▶ _ACTION ITEM_
Print out the data that follows exactly, character for character, apart from the pictures.
Start of STORED DATA
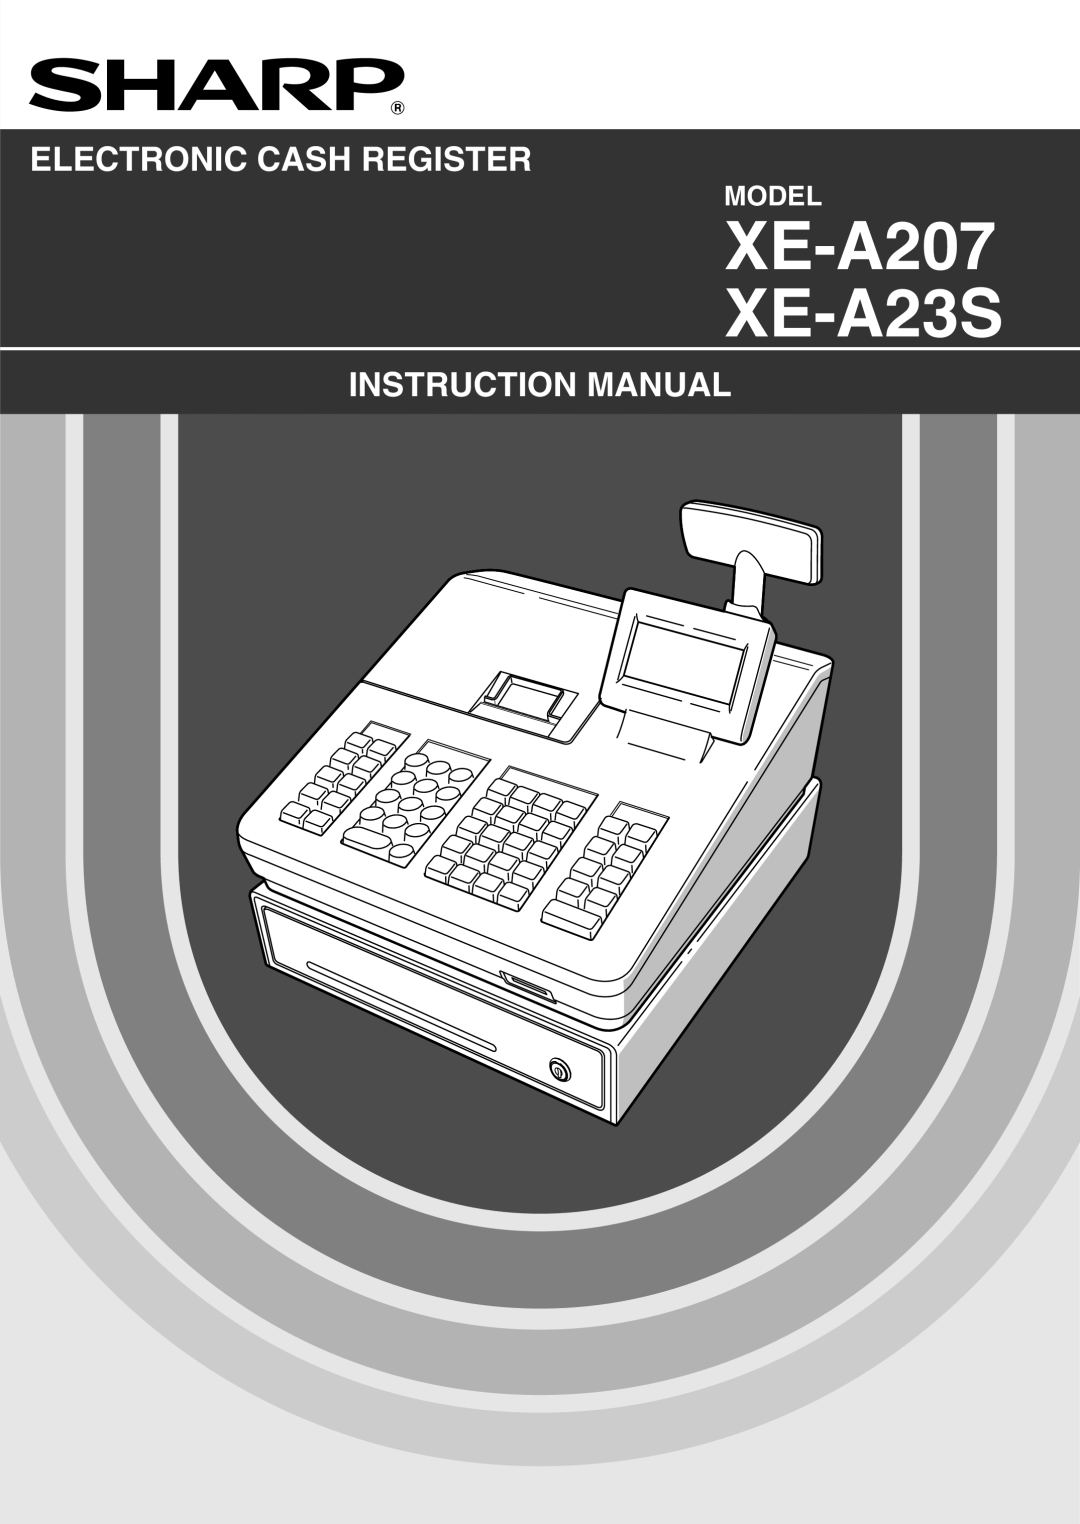 Sharp electonic cash register instruction manual XE-A207 XE-A23S, Electronic Cash Register, Instruction Manual, Model 
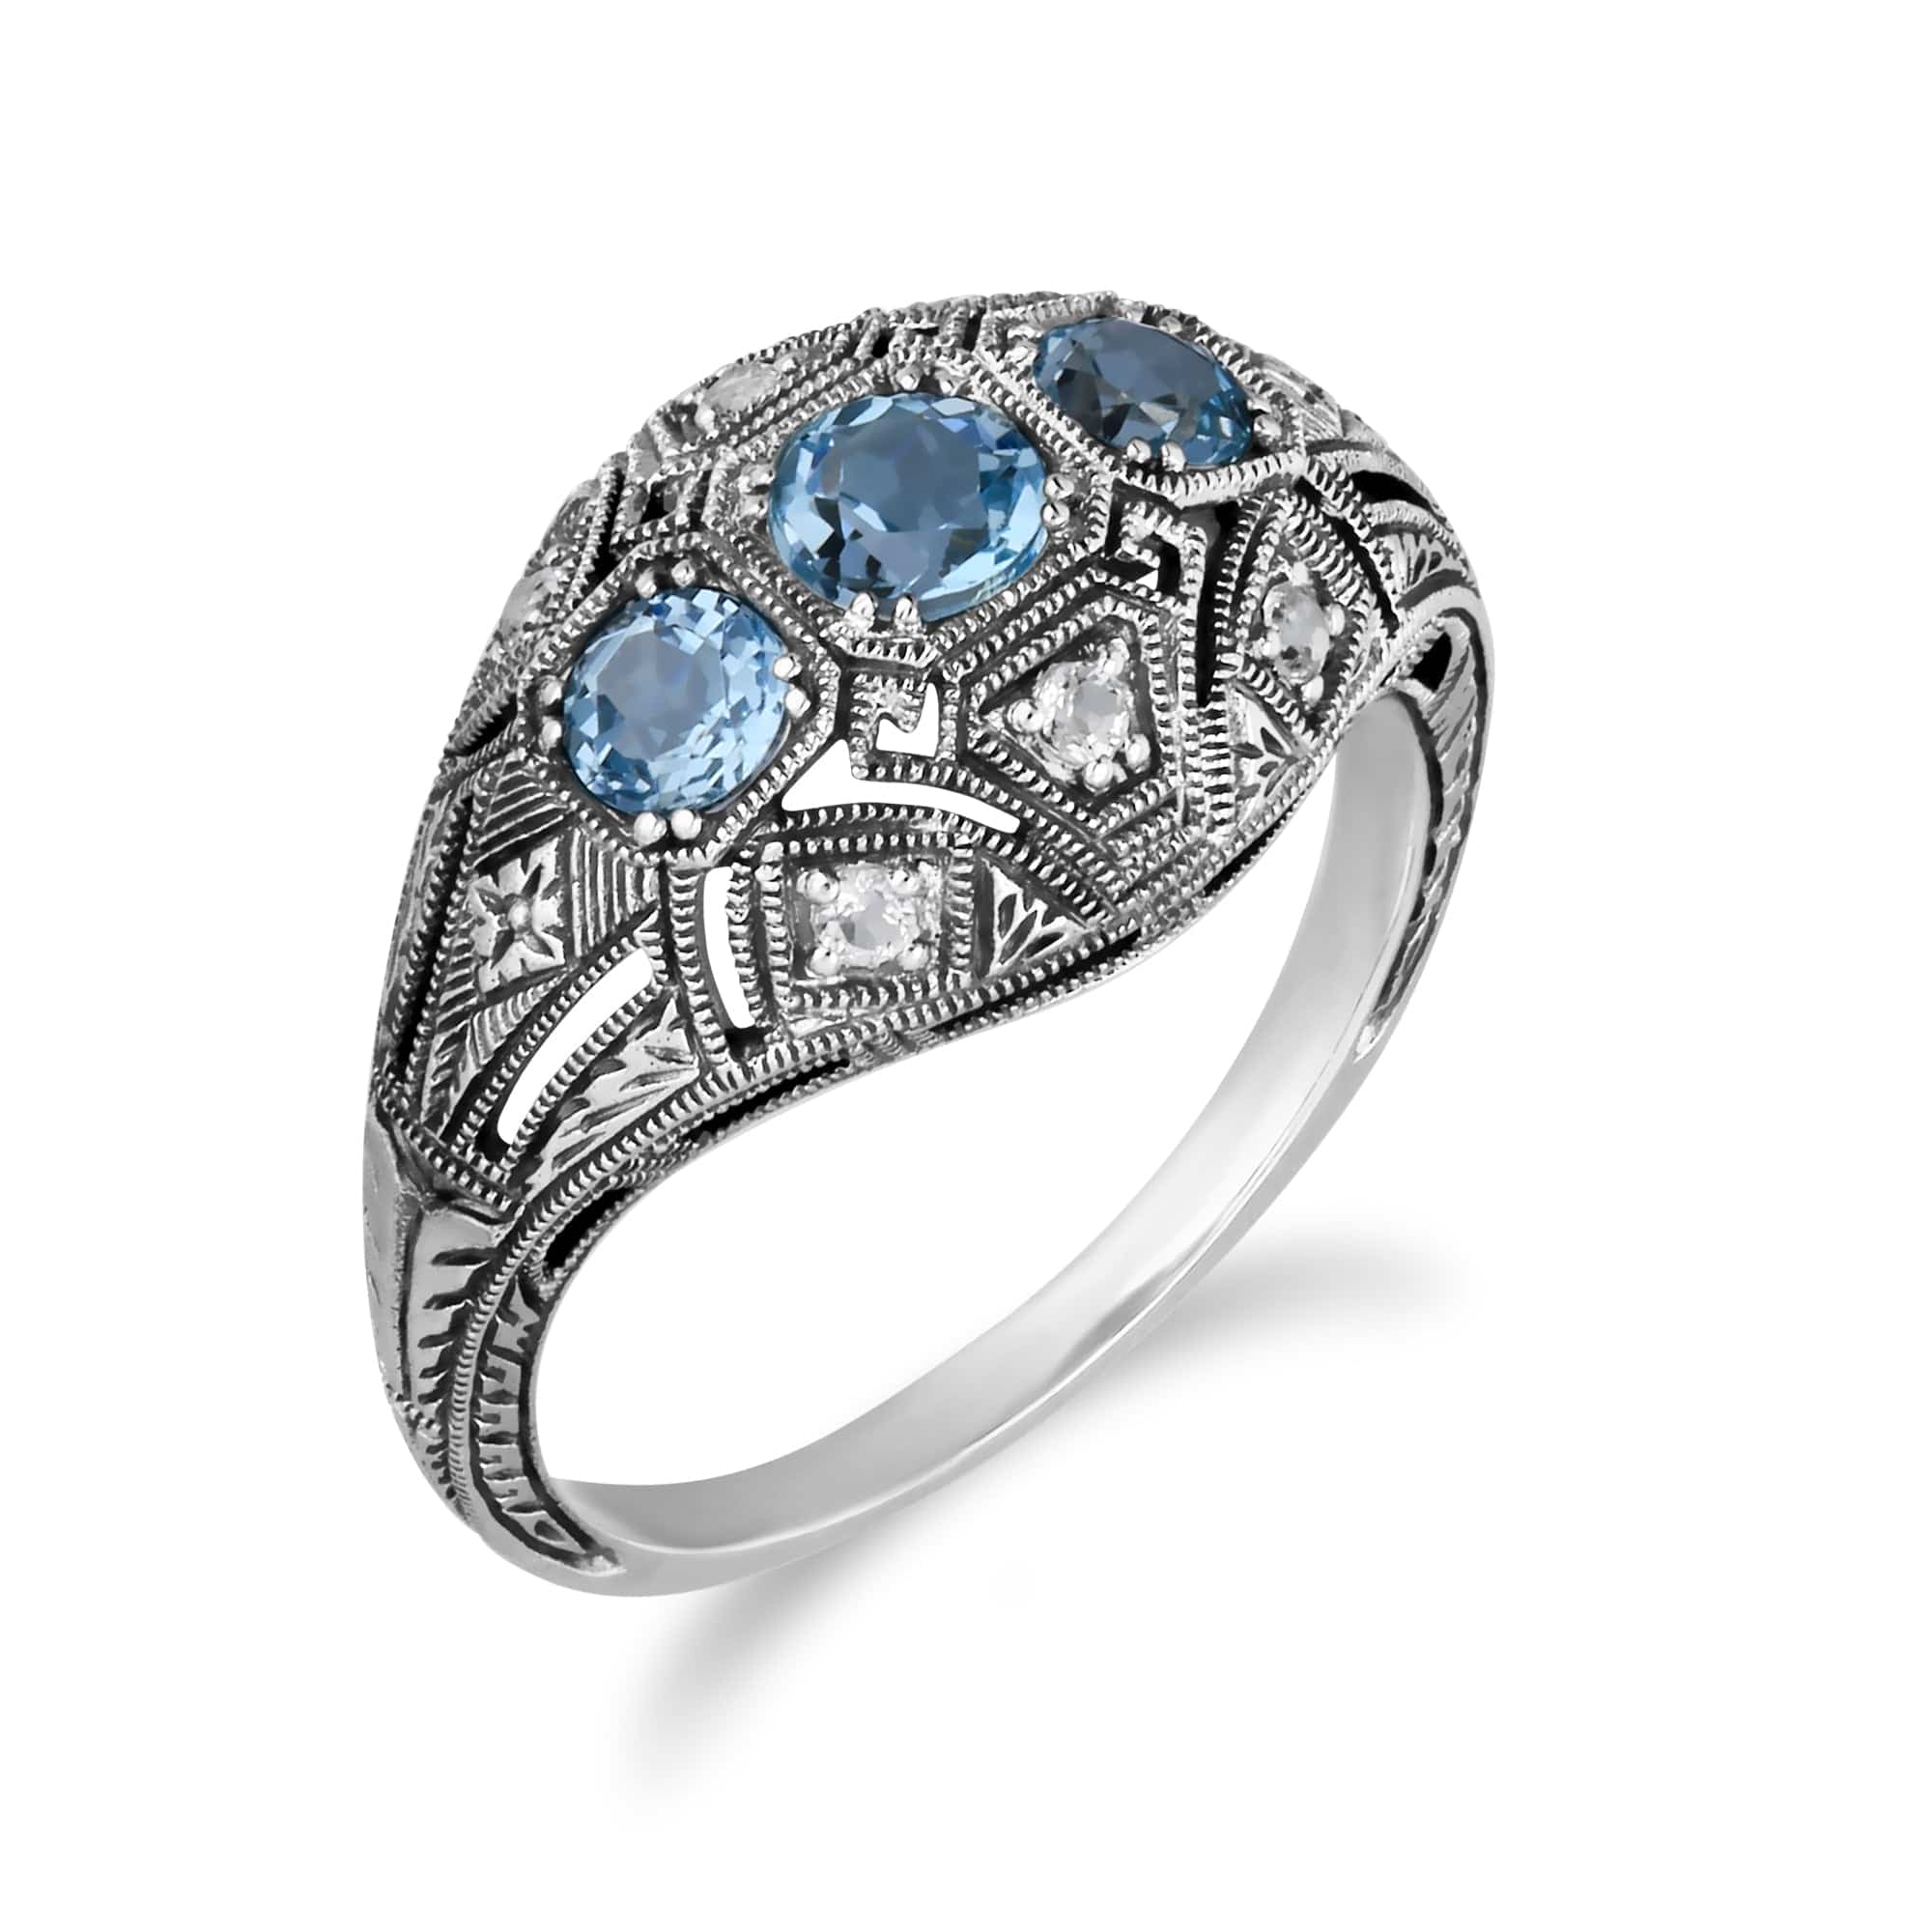 Art Deco Style Round Blue & White Topaz Three Stone Ring in 925 Sterling Silver - Gemondo
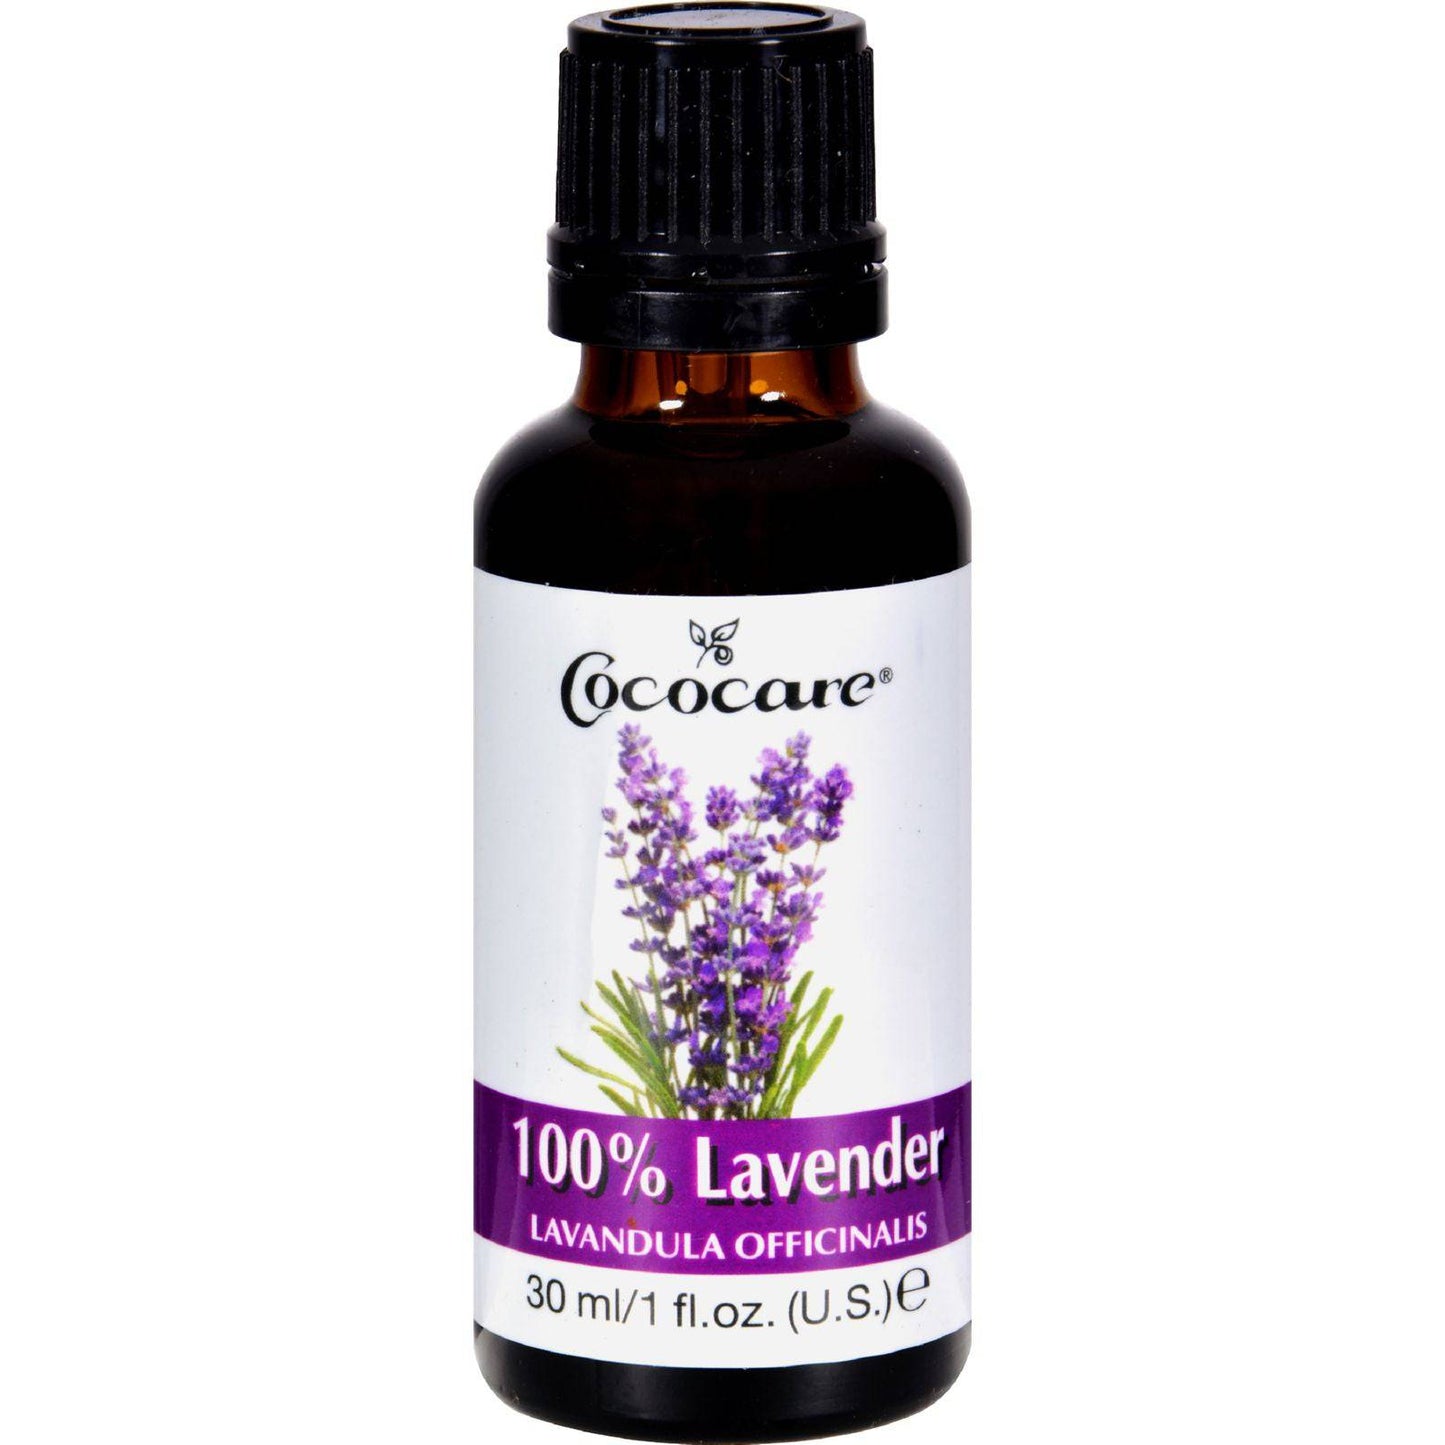 Buy Cococare Lavender Oil - 100 Percent Natural - 1 Fl Oz  at OnlyNaturals.us
End of STORED DATA
▶ _SOLUTION TO THE PROBLEM_
 Sharp electonic cash register instruction manual XE-A207 XE-A23S, Electronic Cash Register, Instruction Manual, Model 
 Art Deco Style Round Blue & White Topaz Three Stone Ring in 925 Sterling Silver - Gemondo
 Buy Cococare Lavender Oil - 100 Percent Natural - 1 Fl Oz  at OnlyNaturals.us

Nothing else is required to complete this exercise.